[[ Data excerpt, beginning ]]

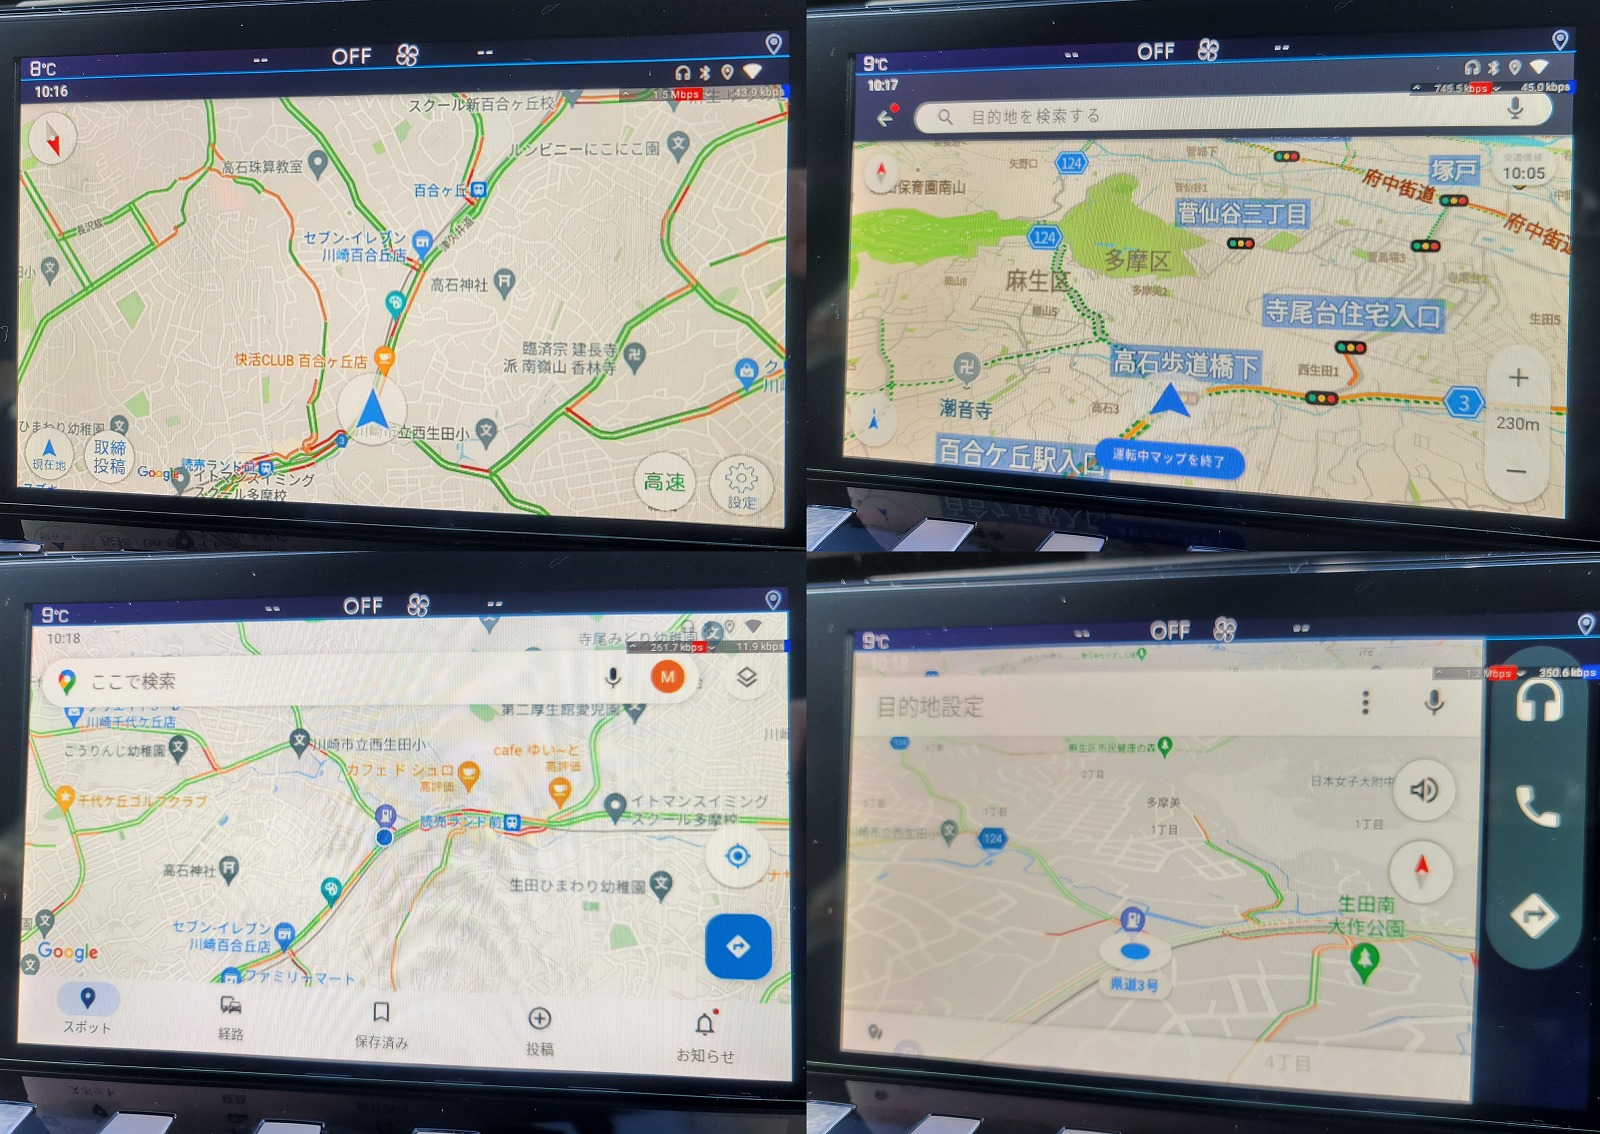 OTTOCAST CarPlay AI Box Android 9.0のマップ表示を比較してみる 
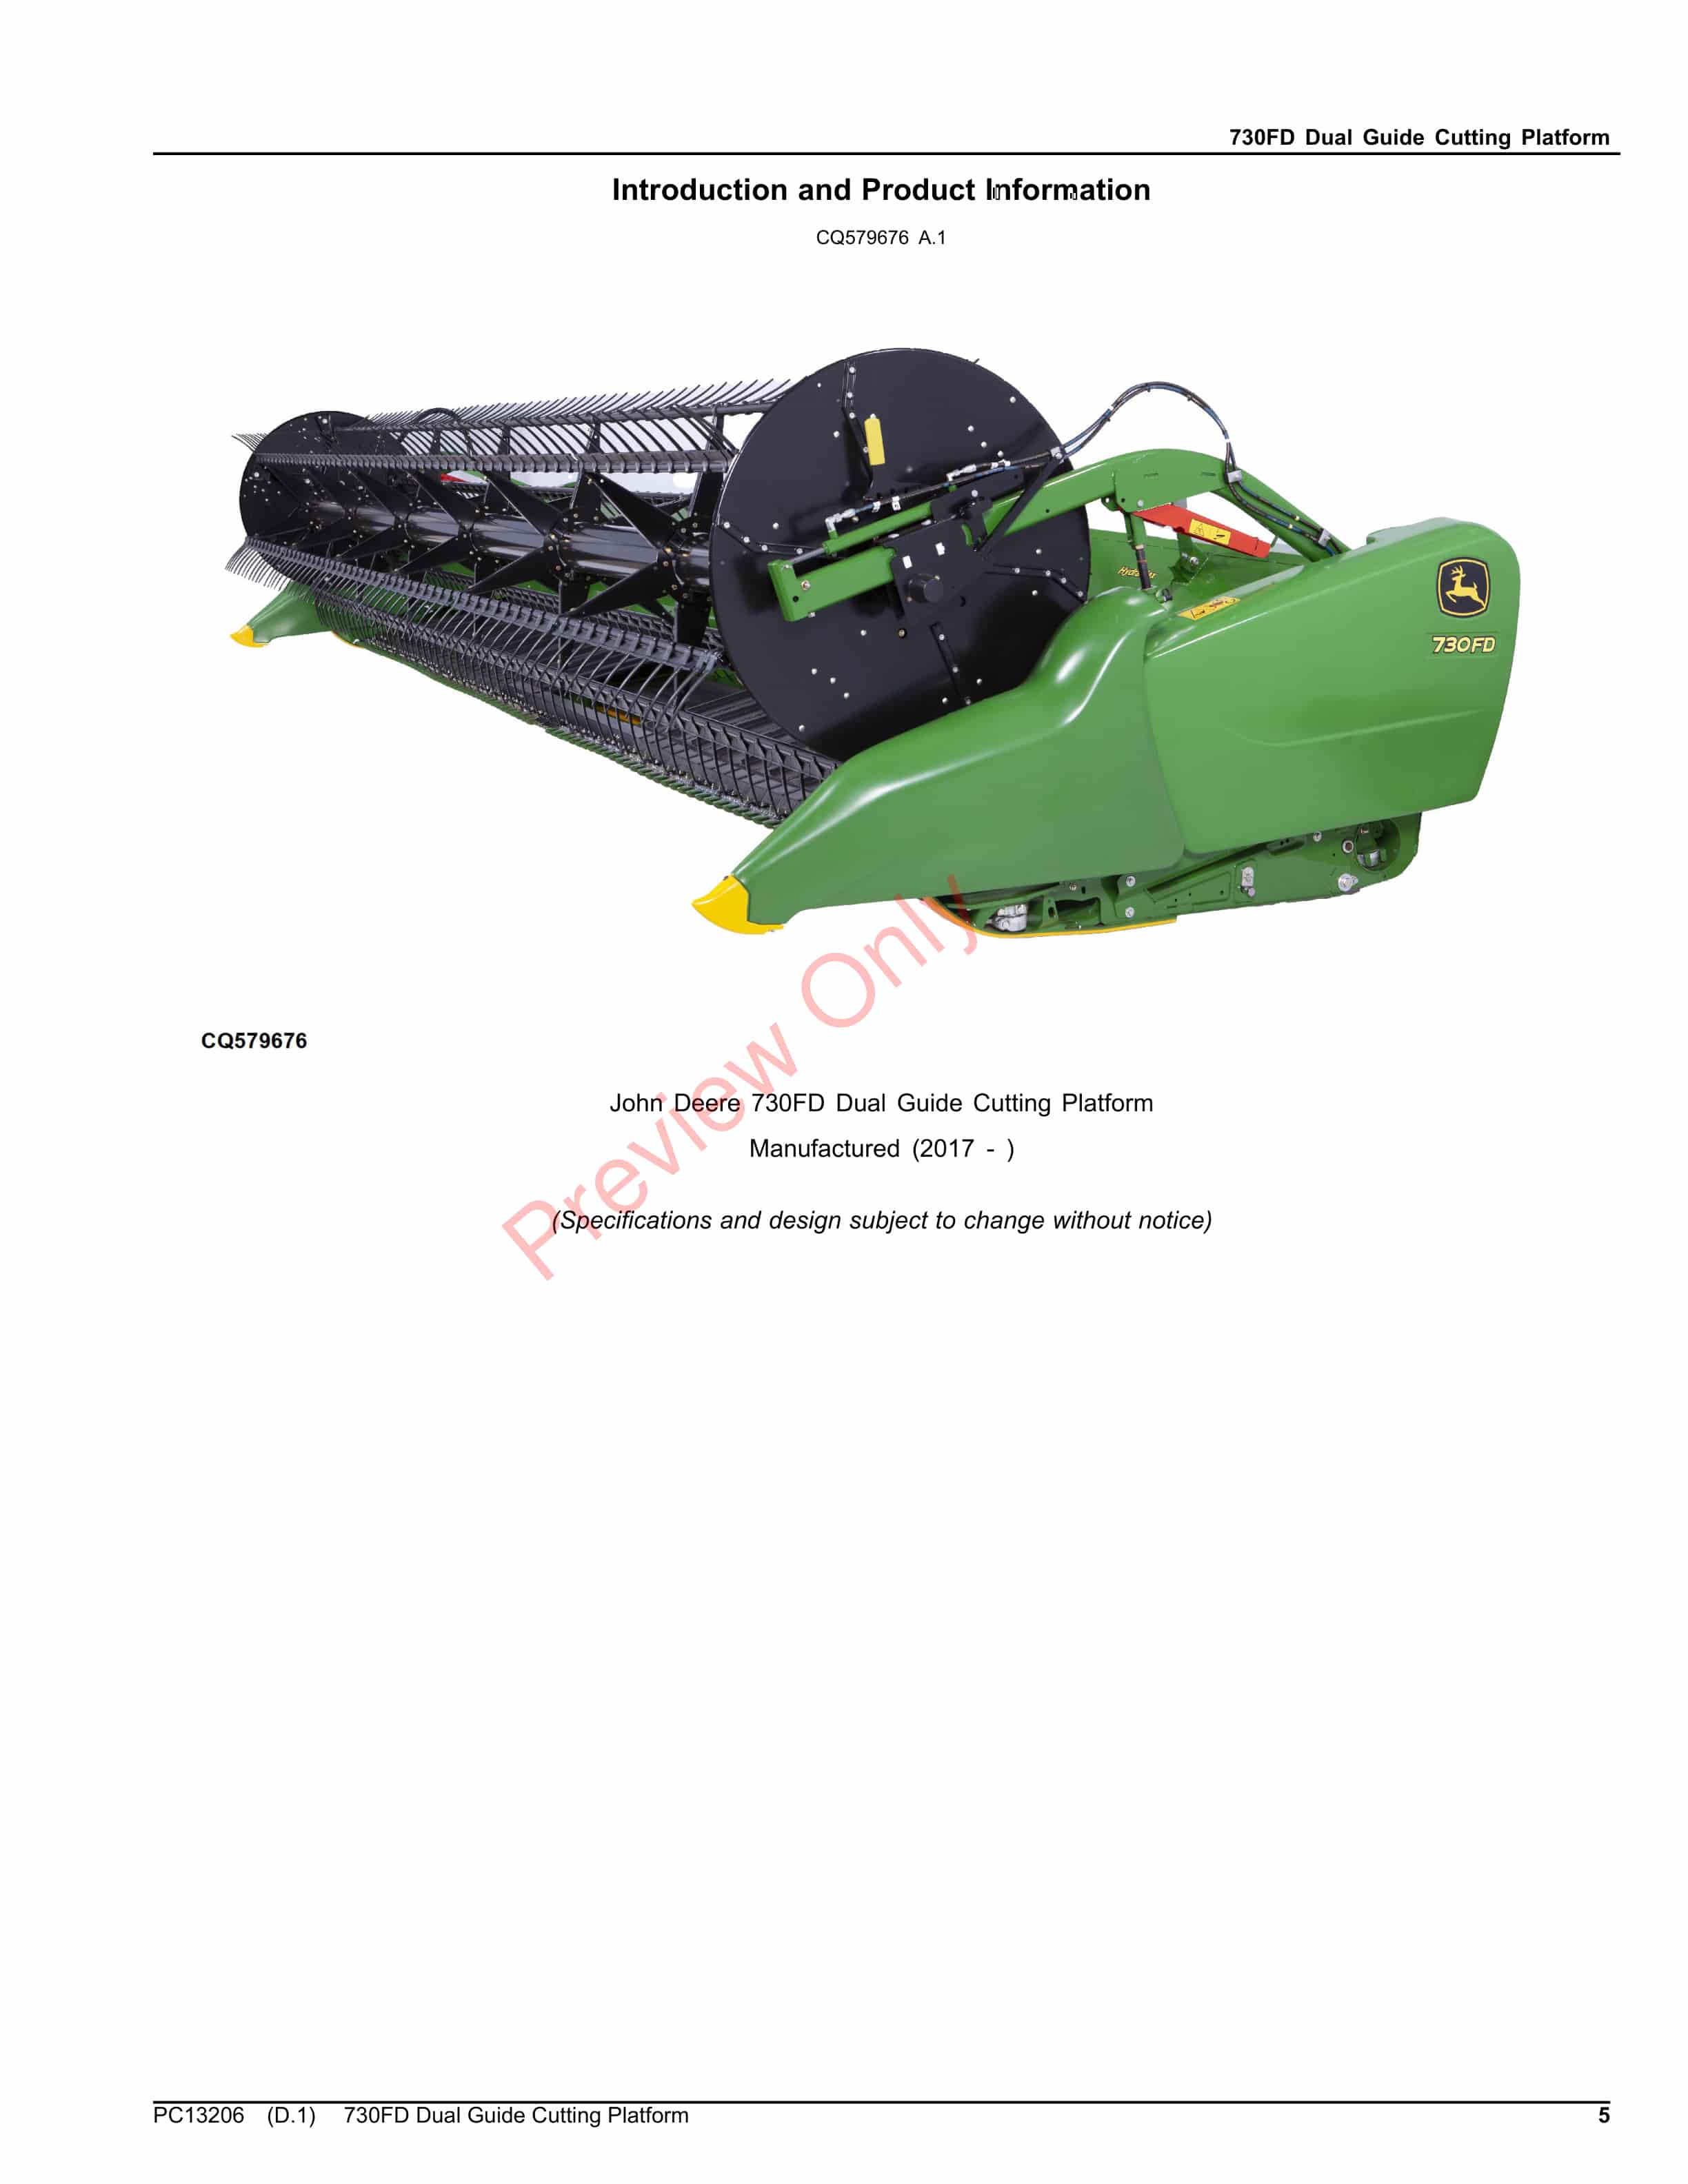 John Deere 730FD Dual Guide Cutting Platform Parts Catalog PC13206 10SEP23-5
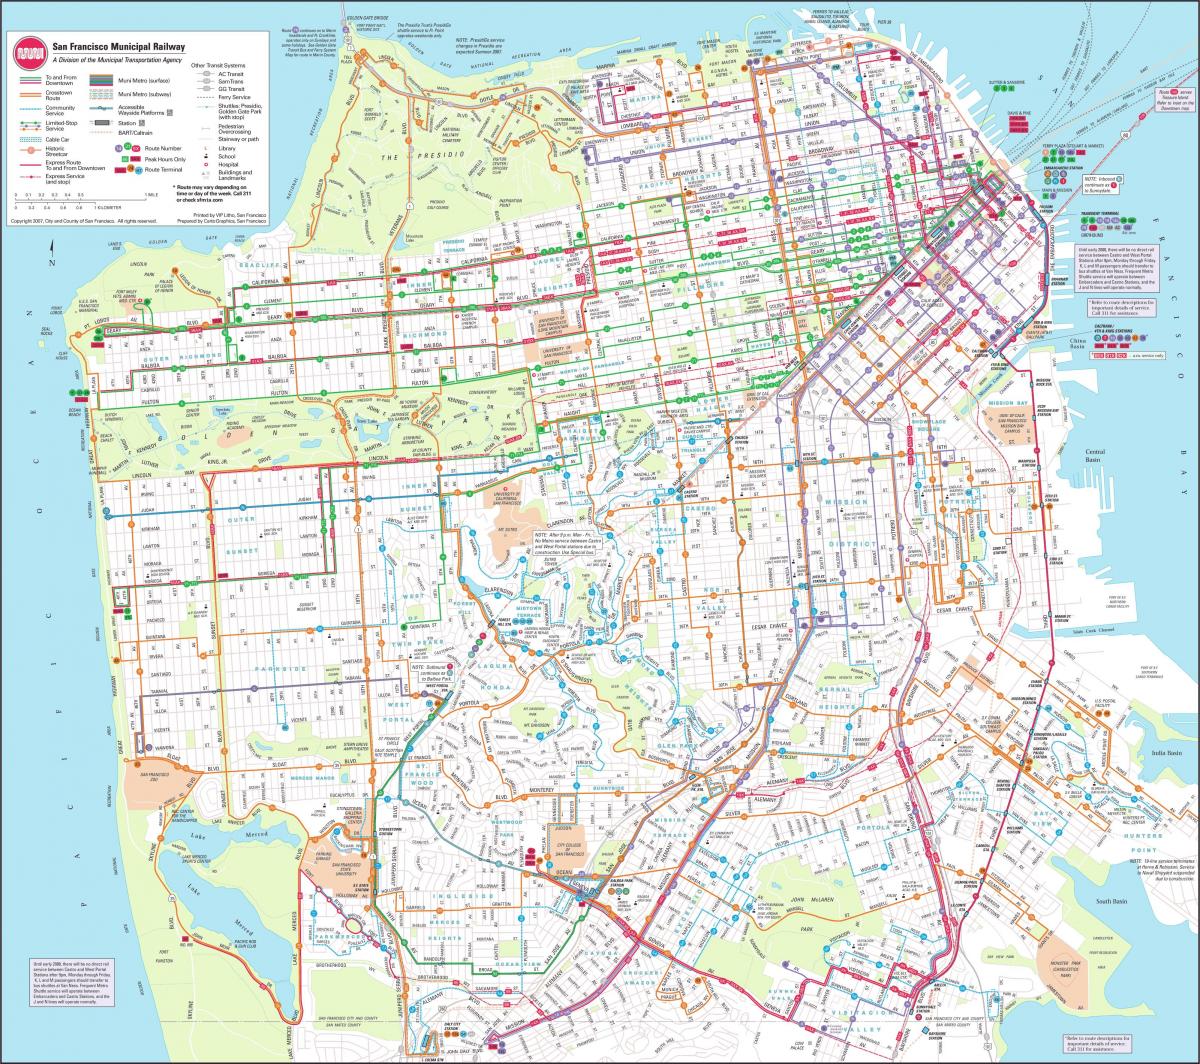 Carte de San Francisco municipal railway

[[ Data excerpt, end ]]

◆ **What is being asked**
The reply has to reproduce every line above verbatim and contain no pictures.

◆ **Response**
 OTTOCAST CarPlay AI Box Android 9.0のマップ表示を比較してみる 
 John Deere 730FD Dual Guide Cutting Platform Parts Catalog PC13206 10SEP23-5
 Carte de San Francisco municipal railway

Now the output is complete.